Trap answers: “Angular is slow” without naming change detection topology; “signals fix everything” without discussing streams, async scheduling, and migration cost.

Practical scenario

For a legacy Angular table with slow typing and polling updates:

  1. Record whether cost is binding checks, DOM size, filtering, polling frequency, or layout.
  2. Add OnPush only where inputs are immutable and update paths are explicit.
  3. Move high-frequency scroll, resize, or polling loops outside Angular's zone, then re-enter only for meaningful UI changes.
  4. Use CDK virtual scroll for unbounded rows; change detection tuning does not fix thousands of live DOM nodes.
  5. Introduce signals for local derived UI state while preserving RxJS for streams, cancellation, retries, and async composition.

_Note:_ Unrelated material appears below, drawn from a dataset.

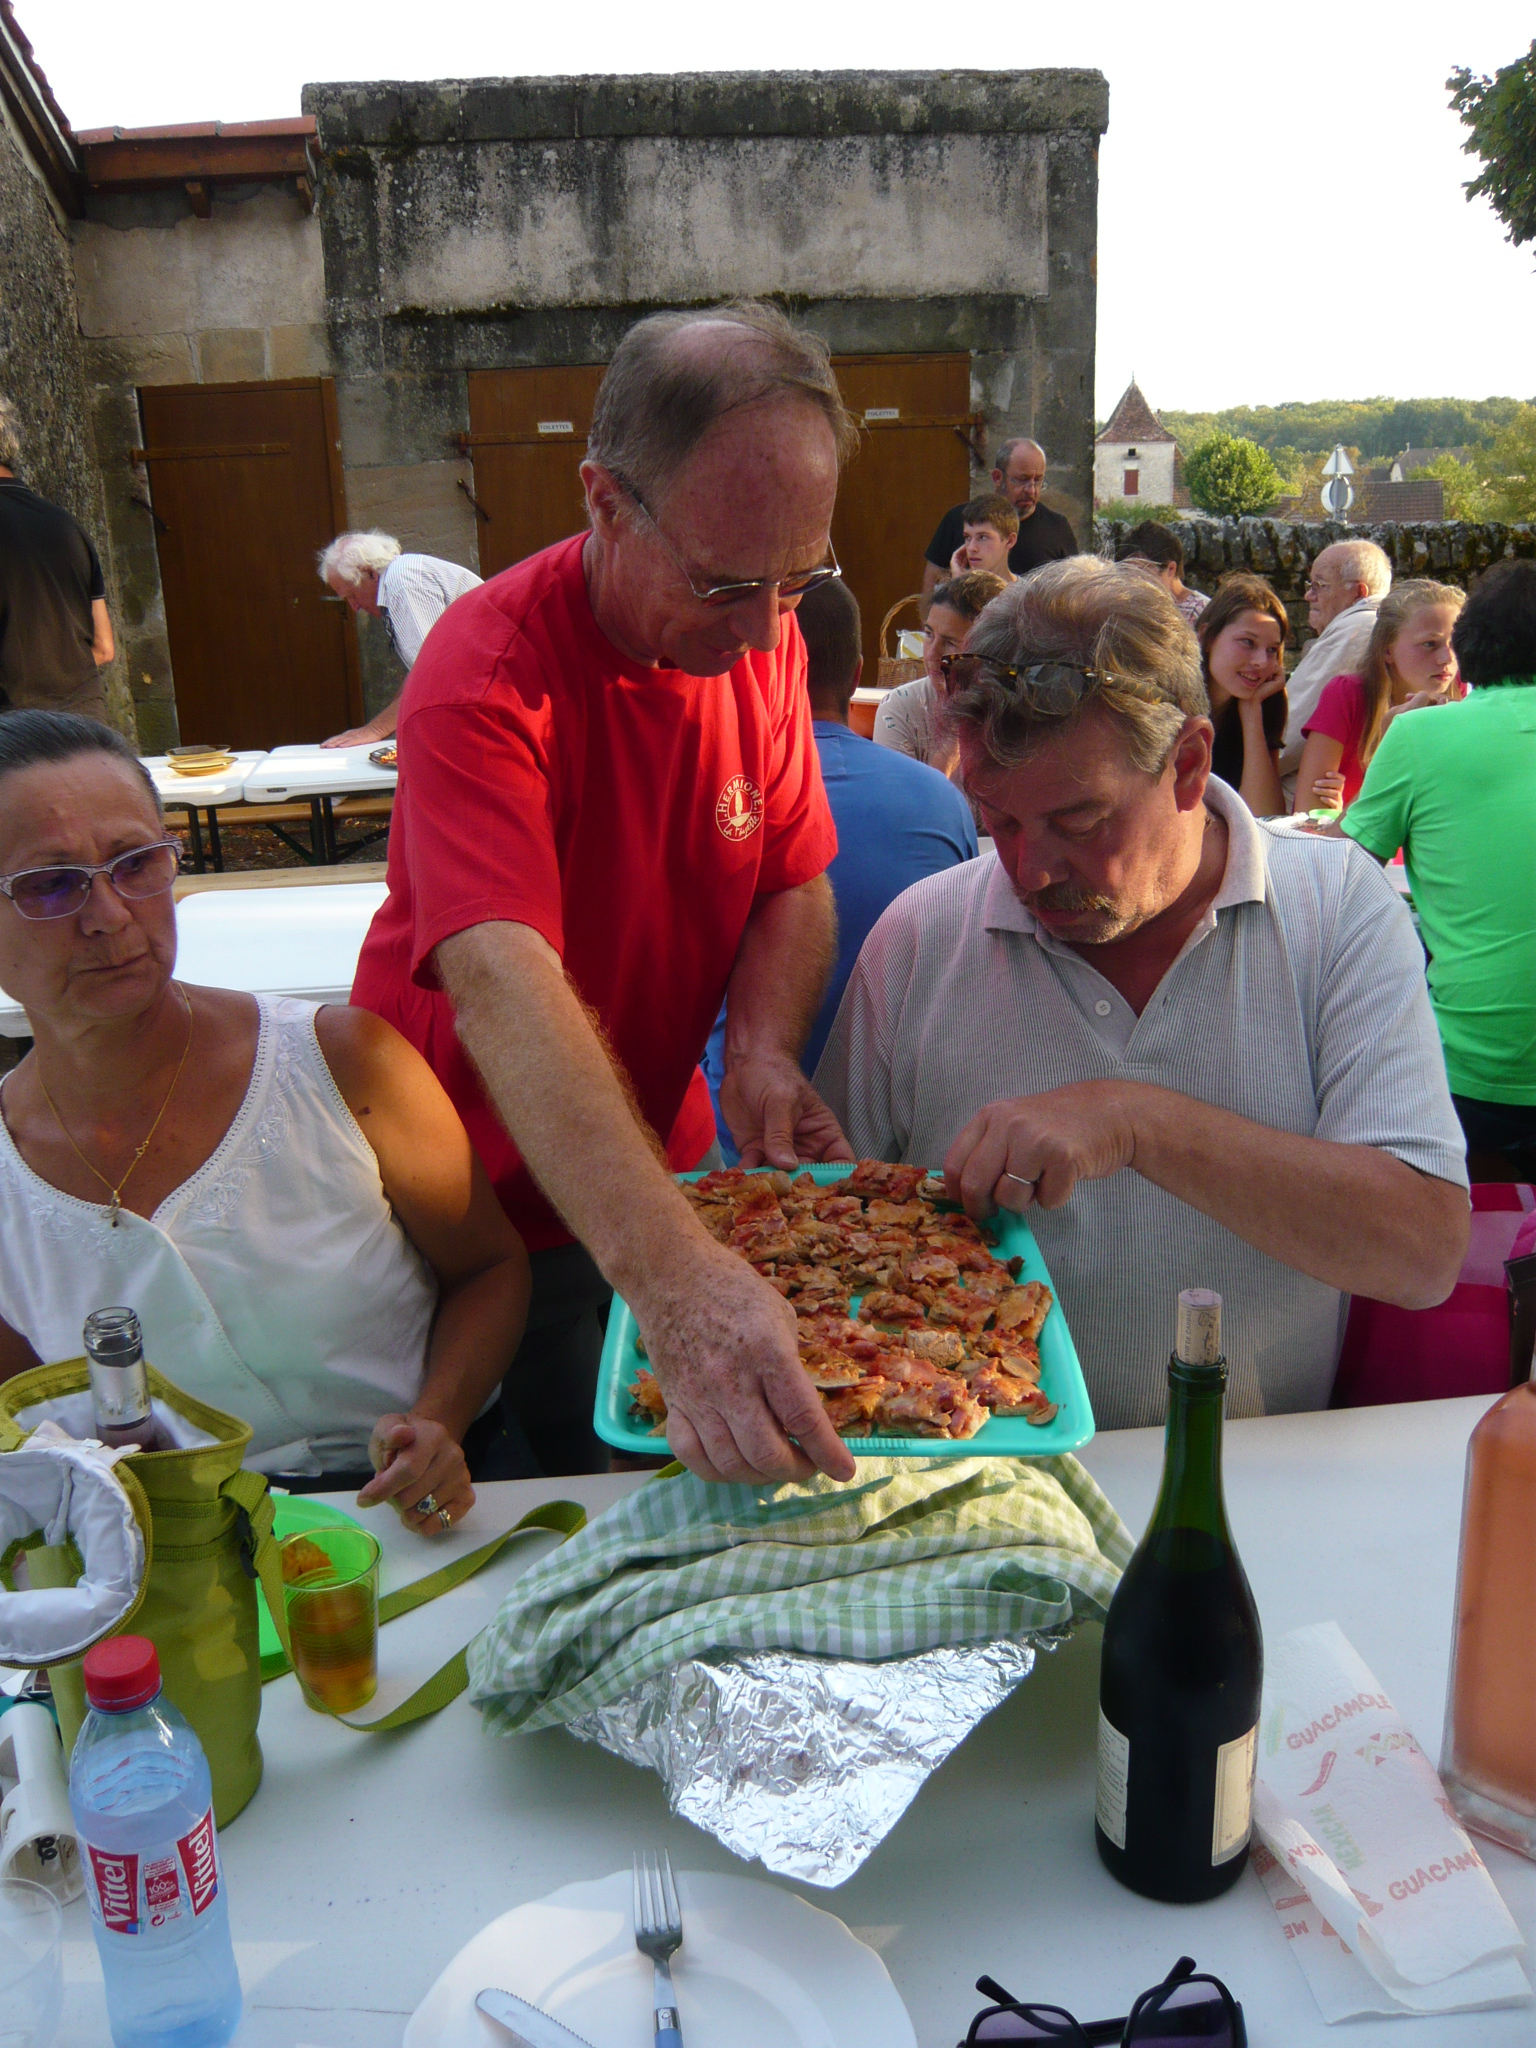 Le repas débute par la distribution des pizzas

This keeps migration incremental instead of creating two competing state systems.

Failure modes

  • Mutating input objects under OnPush and wondering why the view does not update.
  • Creating effects that write back into their own dependencies.
  • Keeping long polling or animation loops inside Angular’s zone.
  • Mixing RxJS subscriptions and signals without clear ownership or cleanup.
  • Reading window during server render and causing hydration divergence.

Interview drill

Question: "How do Angular signals change the classic zone.js mental model?"

Model answer structure:

  1. Classic Angular uses zone-patched async boundaries to schedule broad change detection.
  2. OnPush narrows checks but depends on immutable inputs and explicit marks.
  3. Signals create fine-grained dependency tracking for local state and derived values.
  4. RxJS remains appropriate for async streams, cancellation, retries, and event composition.
  5. Migration should be incremental: measure first, tune topology, avoid mixed ownership, and keep SSR/hydration deterministic.

Follow-ups to expect:

  • "When should work run outside Angular's zone?"
  • "Why can OnPush fail with hidden mutation?"
  • "What belongs in a signal versus an observable?"